WHAT IS BEING ASKED:
All of the listing should be output exactly, apart from the pictures.

RECORDED INFORMATION:
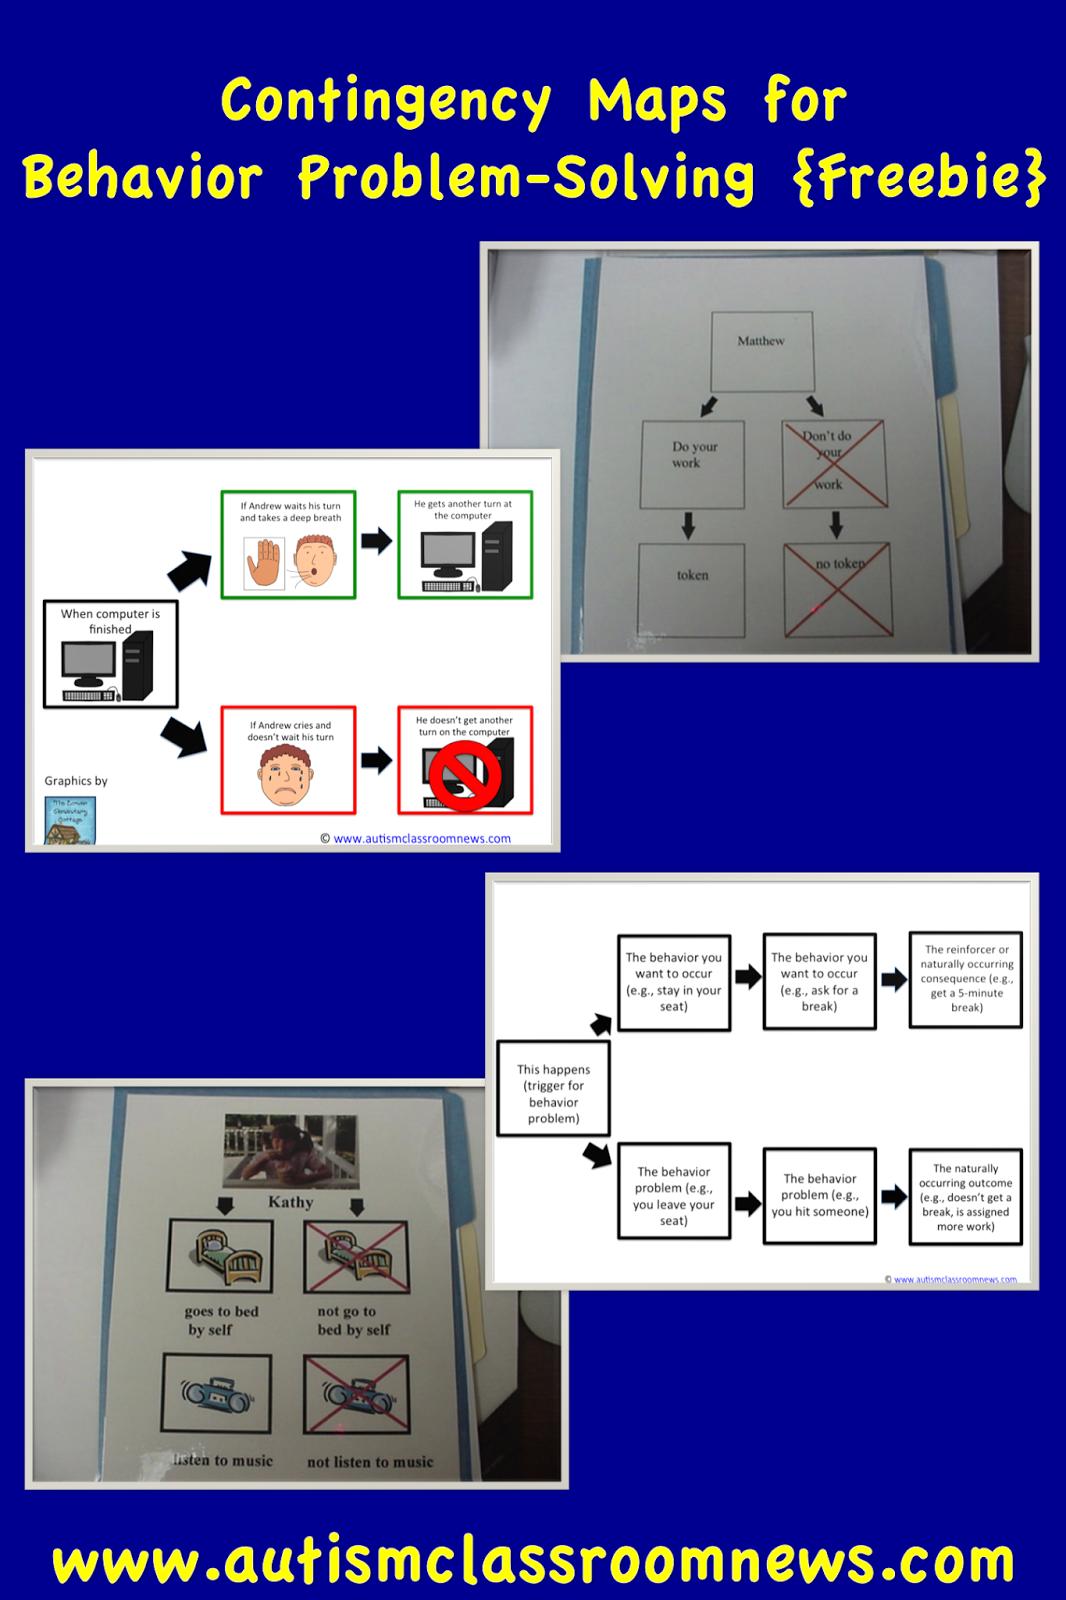 Contingency Maps for Behavior Problem-Solving (Freebie
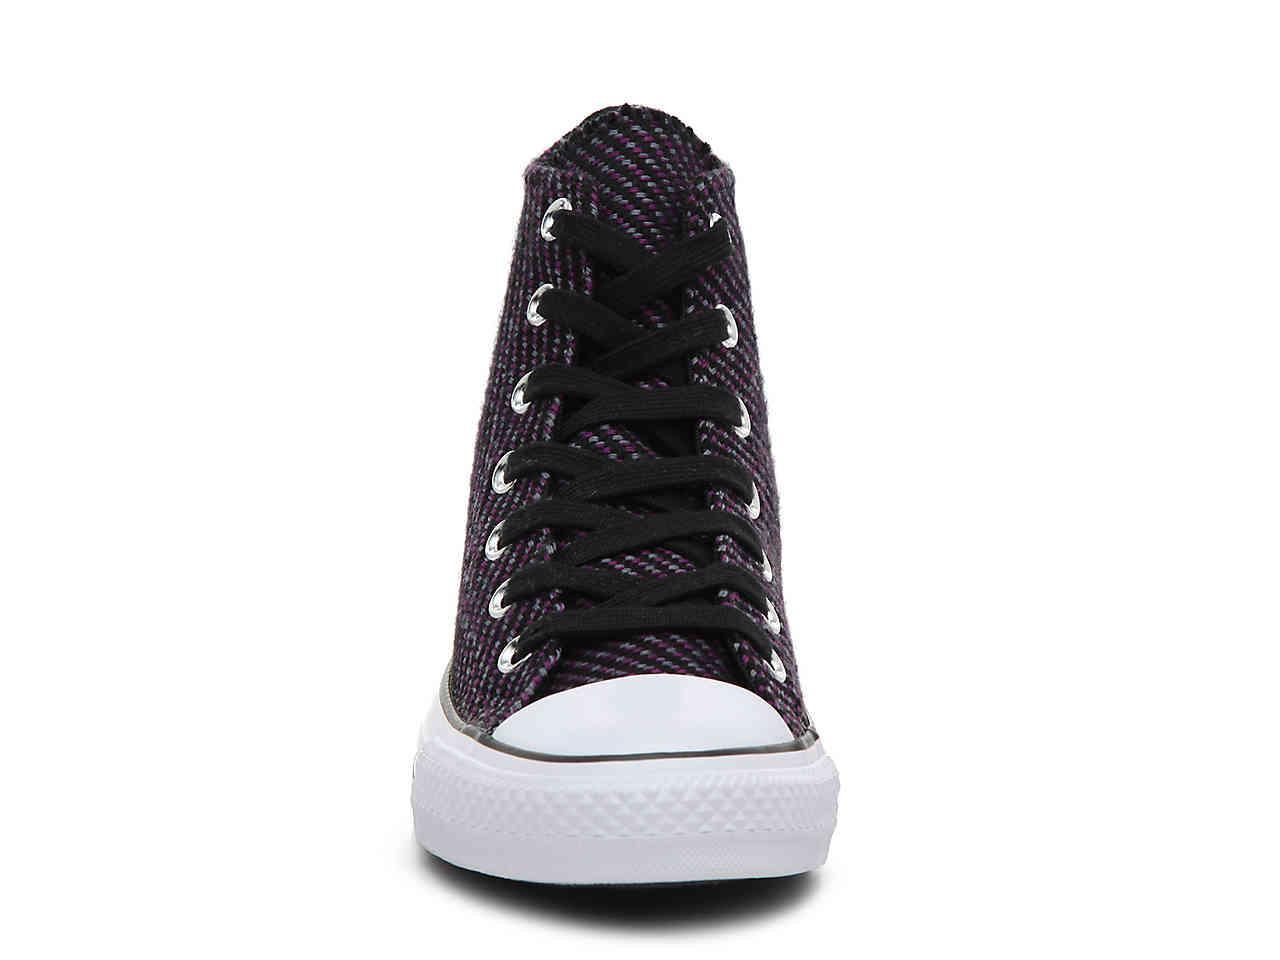 2ccf4441ce0dc7 Converse - Black Chuck Taylor All Star Knit High-top Sneaker - Lyst. View  fullscreen
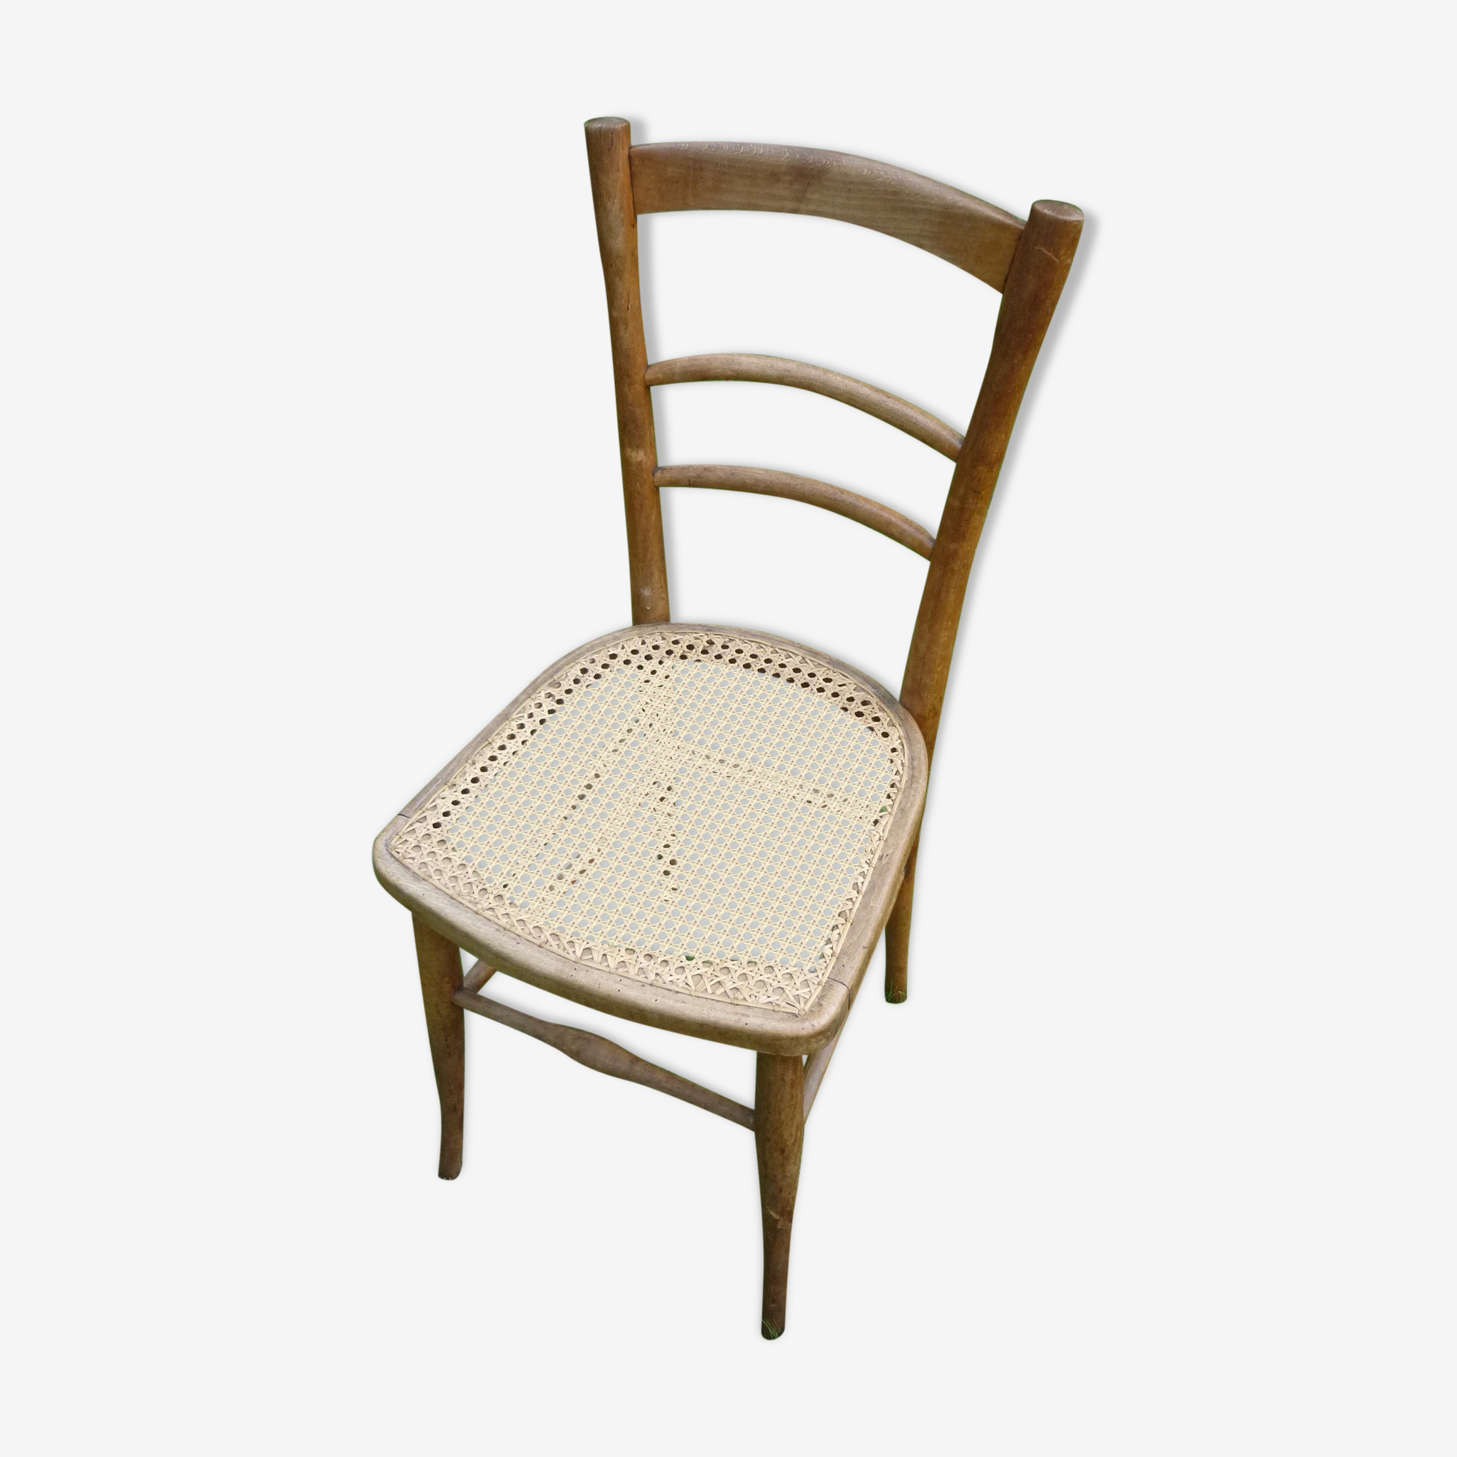 Chaise cannée style bistrot en bois

EXERCISE RESULT:
 Contingency Maps for Behavior Problem-Solving (Freebie
 2ccf4441ce0dc7 Converse - Black Chuck Taylor All Star Knit High-top Sneaker - Lyst. View  fullscreen
 Chaise cannée style bistrot en bois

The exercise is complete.